E-mail to some of Curtis’ friends and acquaintances on the Earlham faculty, 11/10/1999.
Friends,
All of you were involved in a variety of ways, happy and infuriating, friendly and scary, in the life of my student and advisee and friend Curtis Walton. As I reflect on his life and death, I’m therefore thinking of you as well; and I wanted to share with you some thoughts and stories that have been on my mind the past three days.
As some of you knew, Curtis could be a remarkably sensitive and considerate and thoughtful person, passionate about his work, and a person I am pleased to have called a friend. I liked Curtis. I admired his honesty and integrity and deep seriousness. I’ve grown by knowing him.

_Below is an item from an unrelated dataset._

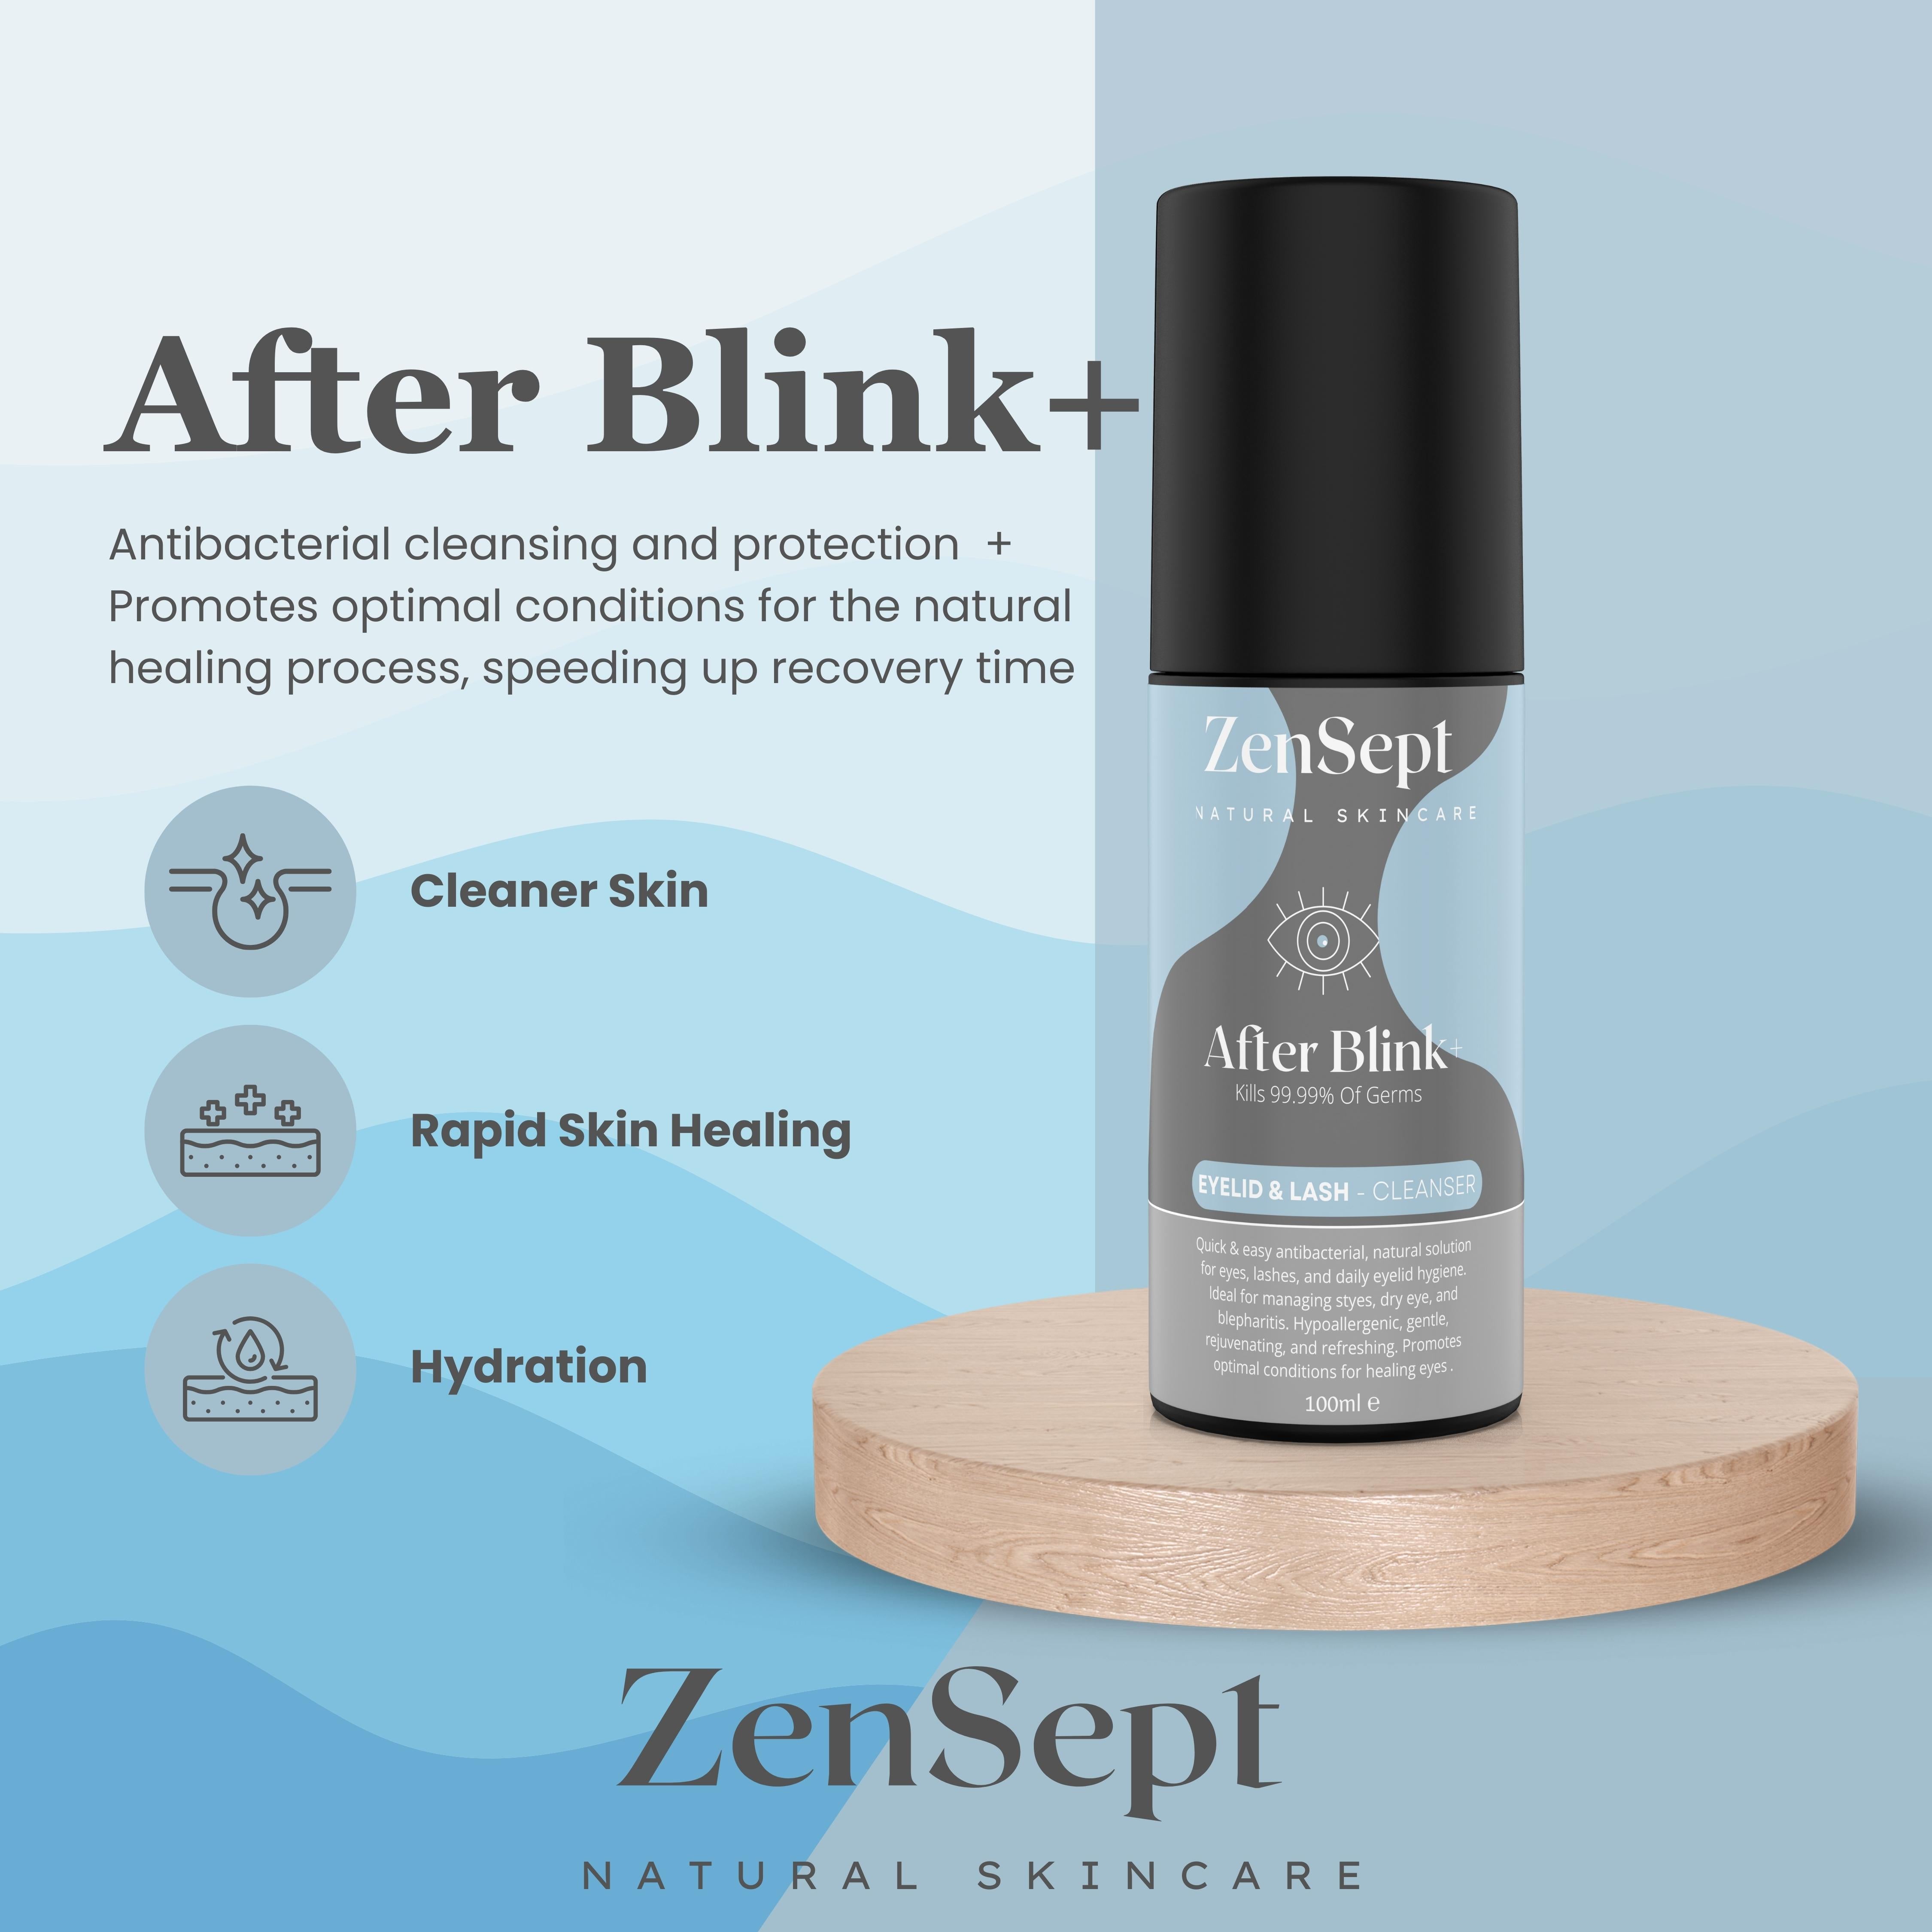 ZenSept - After Blink+ – ZenpSept

As all of you know, though, Curtis could also be profoundly and infuriatingly insensitive and self-centered. I’ve tried to understand that based on the myriad of difficulties in his life, and based on the obvious seriousness of his condition; my excuses have partly worked. One must be realistic, though–most of us who knew Curtis spent significant periods angry at him or frightened by him, especially during the past few months. At least, that is true of me, who spent 4 years with Curtis, and who loved him.
It’s therefore natural to feel uncomfortable, as well as saddened, by Curtis’ death. Could we have done things differently? Were our feelings toward him appropriate?
I’m writing in large part to share my utter conviction that Earlham made a difference in Curtis’ life, and that Earlham could not have made a further difference. In e-mail and over the telephone, I watched Curtis slip away over the past months despite a lot of efforts of people to reach out to him. I would have expected to find myself today painfully dissecting my actions to find the point at which I could have made a difference. I am not. I am convinced we could not have done more than we did.
I’m also convinced we did make a difference for Curtis and for his family. In several conversations with Earlham folks this week, Curtis’ mother has voiced two strong messages. First, she hopes we believe, as she does, that Curtis’ anger at Earlham in recent months did not reflect his deepest self. I think she is right, and that there was a light within Curtis that went deeper than the darkness of his rage. She also believes that Earlham’s love and support for her son gave Curtis 4 years of life, and I think this may also be right. Institutionally and individually, our compassion and our hope and our love overcame our frustration and our fear and maybe our good sense. We continued to offer Curtis a place to be loved and a place to do the mathematics that was for him the thing of transcendent beauty and value that kept him alive. I don’t know if we were smart to do that; I am grateful that we managed.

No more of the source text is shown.